Powodów, dla których warto zadbać o to, by w naszej diecie nie zabrakło omega-3, jest co najmniej kilka. Przede wszystkim kwasy te poprawiają sprawność naszego umysłu, wpływają na lepszy wzrok, wspomagają koordynację ruchową, kontrolują poziom cholesterolu we krwi, działają przeciwzapalnie i wzmacniają odporność. Gdy ich brakuje, jednym z symptomów jest sucha skóra, częściej też dopadają nas stany zapalne, w organizmie dochodzi do zatrzymania wody. Możemy też odczuwać mrowienie rąk i nóg, we krwi podwyższa się stężenie trójglicerydów, często przechodzimy infekcje, tracimy wagę, pogarsza się nam pamięć i wzrok.
Nie tylko ryby
Bez wątpienia bogatym źródłem omega-3 są tłuste ryby. W stu gramach makreli znajduje się 2,5 g tego kwasu. Śledź ma 1,7 g, tuńczyk – 1,5 g, łosoś – 1,4 g, sardynki – 1,0 g.Prawdziwy rekord zawartości tego kwasu bije jednak siemię lniane, bo w 100 gramach jest aż 7,5 g omega-3. Ten bezcenny kwas pozyskamy także, jedząc orzechy włoskie – 2,3 g/100 g. Tyle samo omega-3 zawierają konopie i nieco więcej olej lniany – 2,5 g.

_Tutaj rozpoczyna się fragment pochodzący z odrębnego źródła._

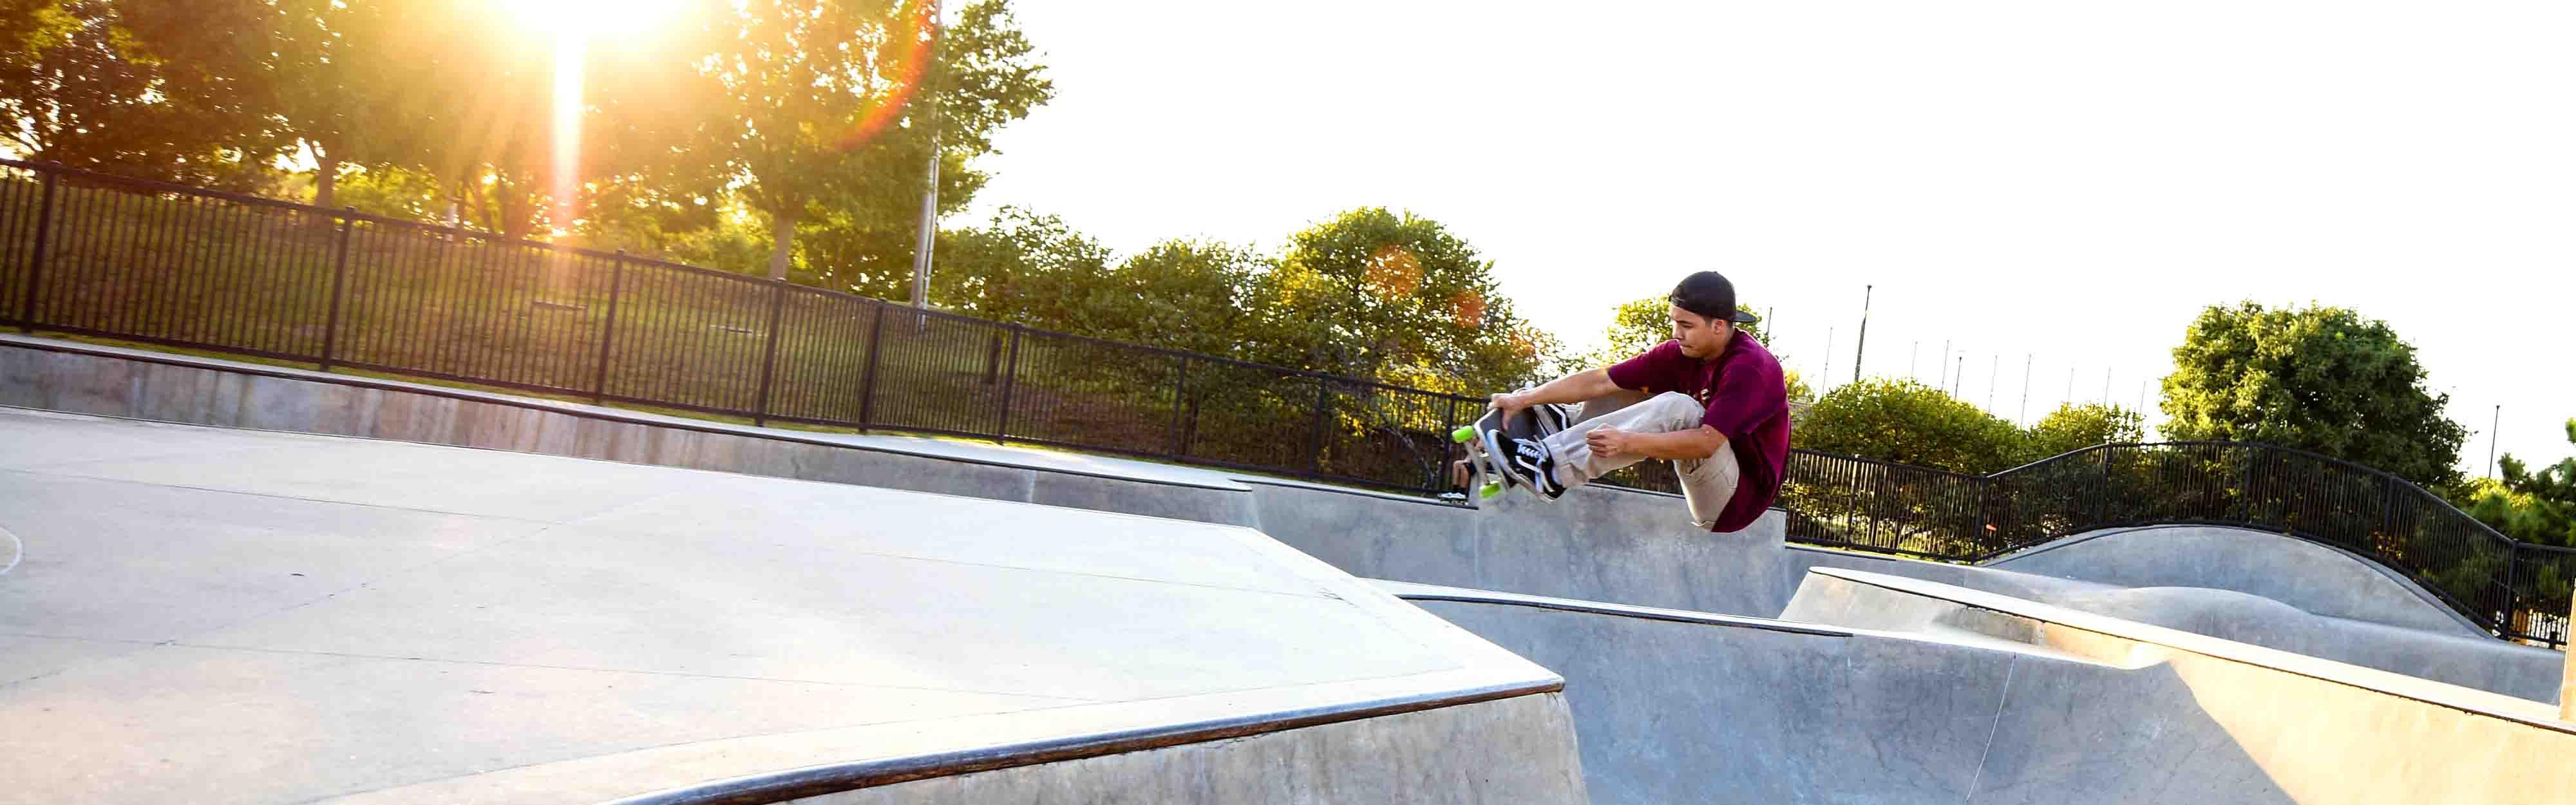 Mat Hoffman Action Sports Park 16:5
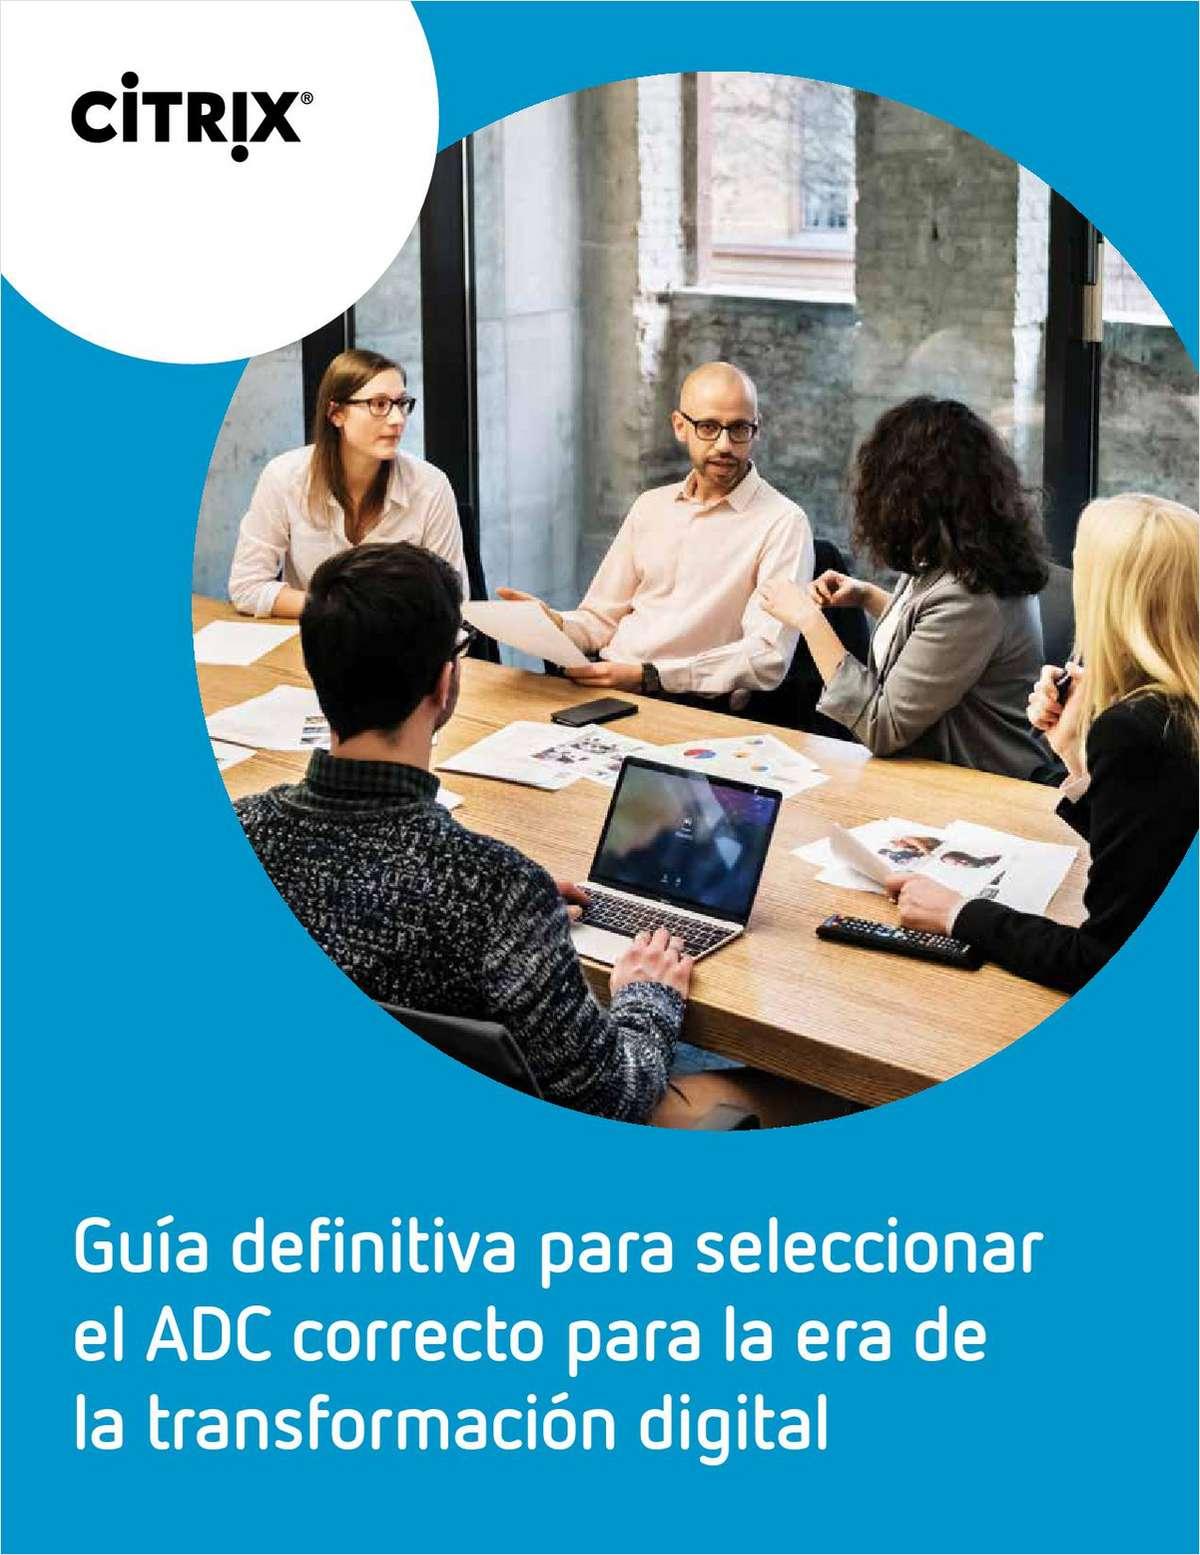 La guía decisiva para elegir el ADC adecuado para la era de la transformación digital

Ryby nie należą do ulubionych dań Polaków. Ich spożycie globalne to 20 kg rocznie jak podaje Organizacja Narodów Zjednoczonych ds. Wyżywienia i Rolnictwa. W krajach azjatyckich przeciętnie zjada się 20 kg ryb na jednego mieszkańca. Norwegowie spożywają rekordowe 60 kg ryb rocznie, przy czym są one ich tradycyjną potrawą. Polacy jedzą zaś zaledwie 12–13 kg, chociaż coraz chętniej, w tym śledzie, makrele, dorsze, częściej łososia i stopniowo owoce morza. Naszą dietę można uzupełnić w omega-3, sięgając po suplementy z ich zawartością. Najlepiej przyjmować je w trakcie posiłków łącznie z antyoksydantami, na przykład z witaminą E, w ilości 100‒400 mg na dobę. Warto przy tym pamiętać, że nie można posiłkować się suplementami, gdy cierpimy na ostre lub podostre zapalenie trzustki, marskość wątroby, ostre i przewlekłe zapalenie pęcherzyka żółciowego lub zaburzenia krzepnięcia krwi.
Wyjątkowa dziewiątka
Jednonienasycony kwas omega-9, w przeciwieństwie do kwasów omega-3 i omega-6, ma tylko jedno wiązanie podwójne, więc organizm może go syntezować. Jest ważny w naszym organizmie, gdyż obniża poziom „złego” cholesterolu (LDL), a nie ma wpływu na cholesterol „dobry” (HDL). Jego zalet jest jednak znacznie więcej. To jemu zawdzięczamy dobrą kondycję serca, uspokaja nasze nerwy, utrzymuje prawidłowe ciśnienie krwi i chroni przed nowotworami. Najlepszym źródłem tego kwasu jest oliwa, jednocześnie bogata w antyoksydanty, poza tym oleje – rzepakowy, sojowy, sezamowy i orzechy ziemne.
Warto pamiętać, że przygotowując posiłki, nie należy tłuszczów poddawać intensywnej obróbce termicznej.
– Tłuszcze mają największą wartość odżywczą dla naszego zdrowia, gdy dodajemy je do potraw pod koniec gotowania lub spożywamy na surowo – podsumowuje Bożena Kropka.